Joseph & Stewart Alsop's editorial of the previous February 2 is reprinted, according to the editors, because of the call from Republicans for the resignation of Secretary of State Acheson having germinated from Mr. Acheson's statement of continuing support of his old friend Alger Hiss, notwithstanding the conviction in January of Mr. Hiss in New York Federal court for perjury and sentence to five years in prison in the retrial of the matter following the 1949 hung jury, a movement compounded in its momentum by the recent affirmance of the conviction by the Second Circuit Court of Appeals against a claim by the defendant that there was not substantial evidence to support the conviction, as perjury required evidence beyond the testimony of a single percipient witness, in that case that of Whittaker Chambers.

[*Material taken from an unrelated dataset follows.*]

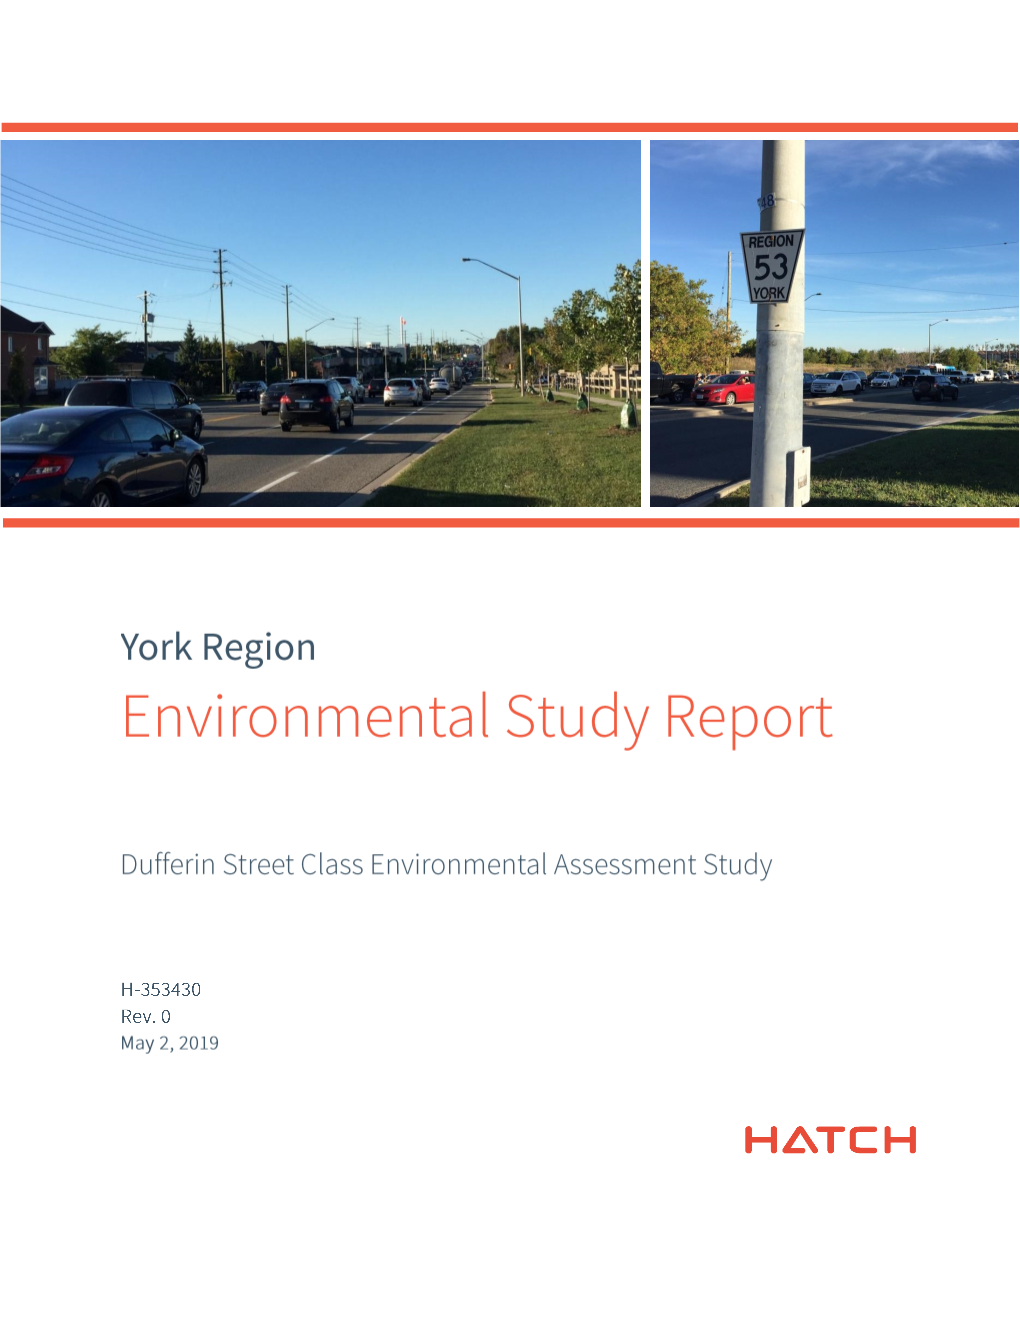 York Region Dufferin Street Class Environmental Assessment Study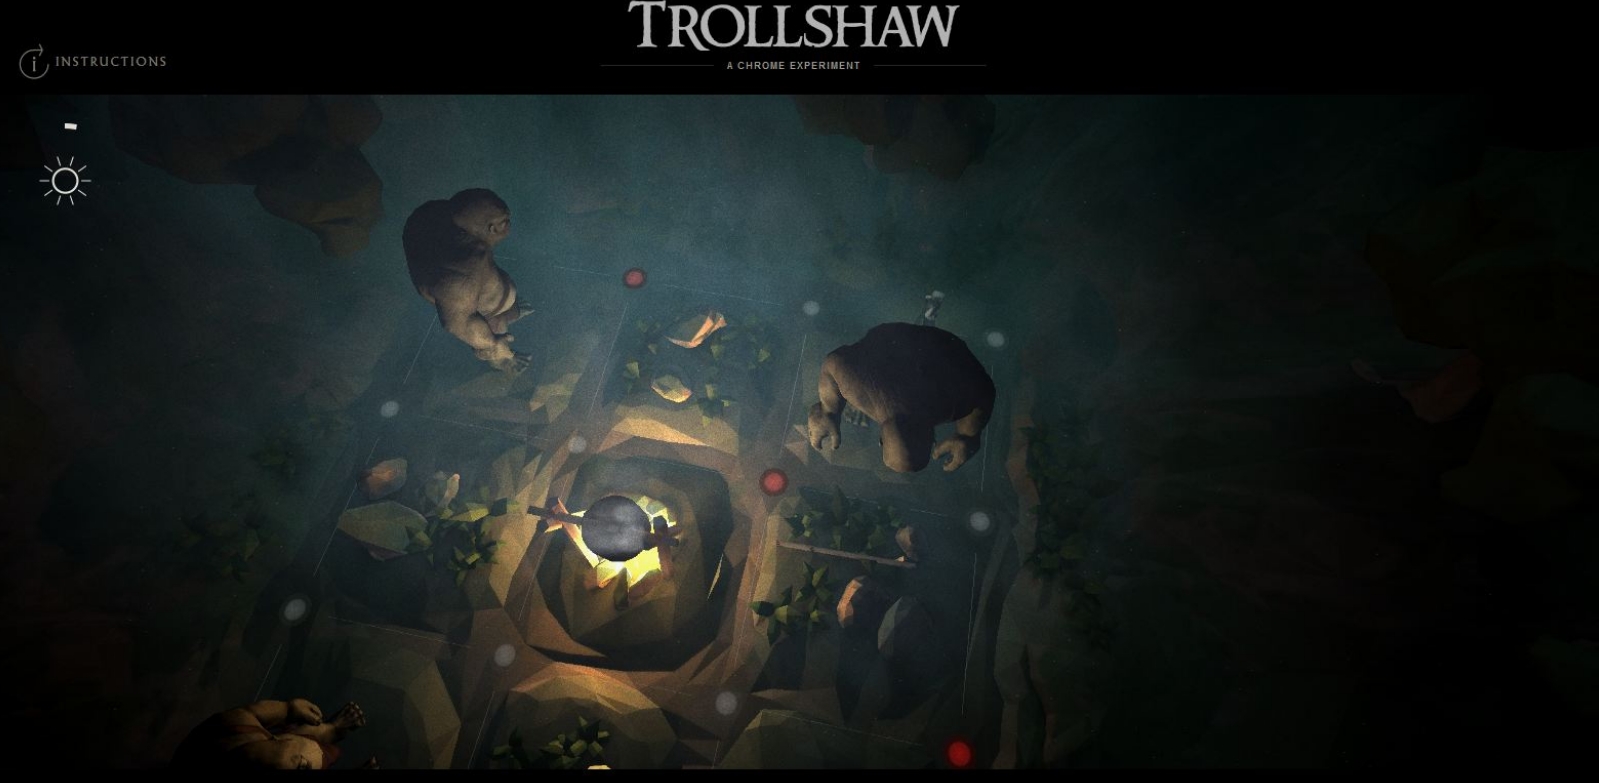 The Hobbit: The Desolation Of Smaug Google Chrome Experiment Trollshaw Image

Marquis Childs discusses the imminent return to active duty by General Eisenhower, to become supreme commander of NATO. His wife, Mamie, had figured that on one tour of duty or another he had been out of the country for a total of 13 years, during most of which time they had been apart. He was being called back up to take the NATO post because he was the only person who could inspire the confidence of both Western Europeans and Americans. The announcement of his appointment would likely come at the conclusion of the Brussels conference of defense and foreign ministers.

The General believed that he should go at once to Europe after the appointment, to effect unity and resolution of the free world. He believed that his role would be as much diplomat as soldier, utilizing the same set of skills which he had used as Allied commander of the Expeditionary Forces in Europe during World War II. Deputy commanders would work out the details of interrelationship between the forces under his command.

He was not going to resign as president of Columbia, a position he had assumed in mid-1948, but would take a leave of absence and return within a year or so absent any war, in which event, he believed, a younger man would have to assume the position in Europe. The General talked about World War II as if it had occurred only yesterday.

Robert C. Ruark tells of a woman saying that it was time for a woman to become Secretary of State and President, in which case there would be peace. He was ready for women to take over all of the major positions in Government, but warns that they had better then be prepared for a "few small reprisals". They might wind up subject to the draft, as the Russians had drafted women. Women could be used as infantry, he asserts, as Marguerite Higgins had proven she could be a war correspondent on the ground in Korea, and Anna Rosenberg was handling manpower coordination for Defense Secretary Marshall. The average housewife walked more miles in an average day than most males and so could perform with facility the duties of the G.I.

If women were to take over the world, they would need to prove themselves and women in the draft would allow that opportunity from within the lower ranks.

He says that, personally, however, he had little faith in women's abilities to lead the world, as he had found them too querulous, treacherous, garrulous and mercurial. A madame President might take a disliking to the style of hat worn by a foreign leader and declare war as a result. He wants to wait until some of the nieces of the current highly competent women in Government service had first stormed the beaches before entrusting them with the responsibilities of President or Secretary of State.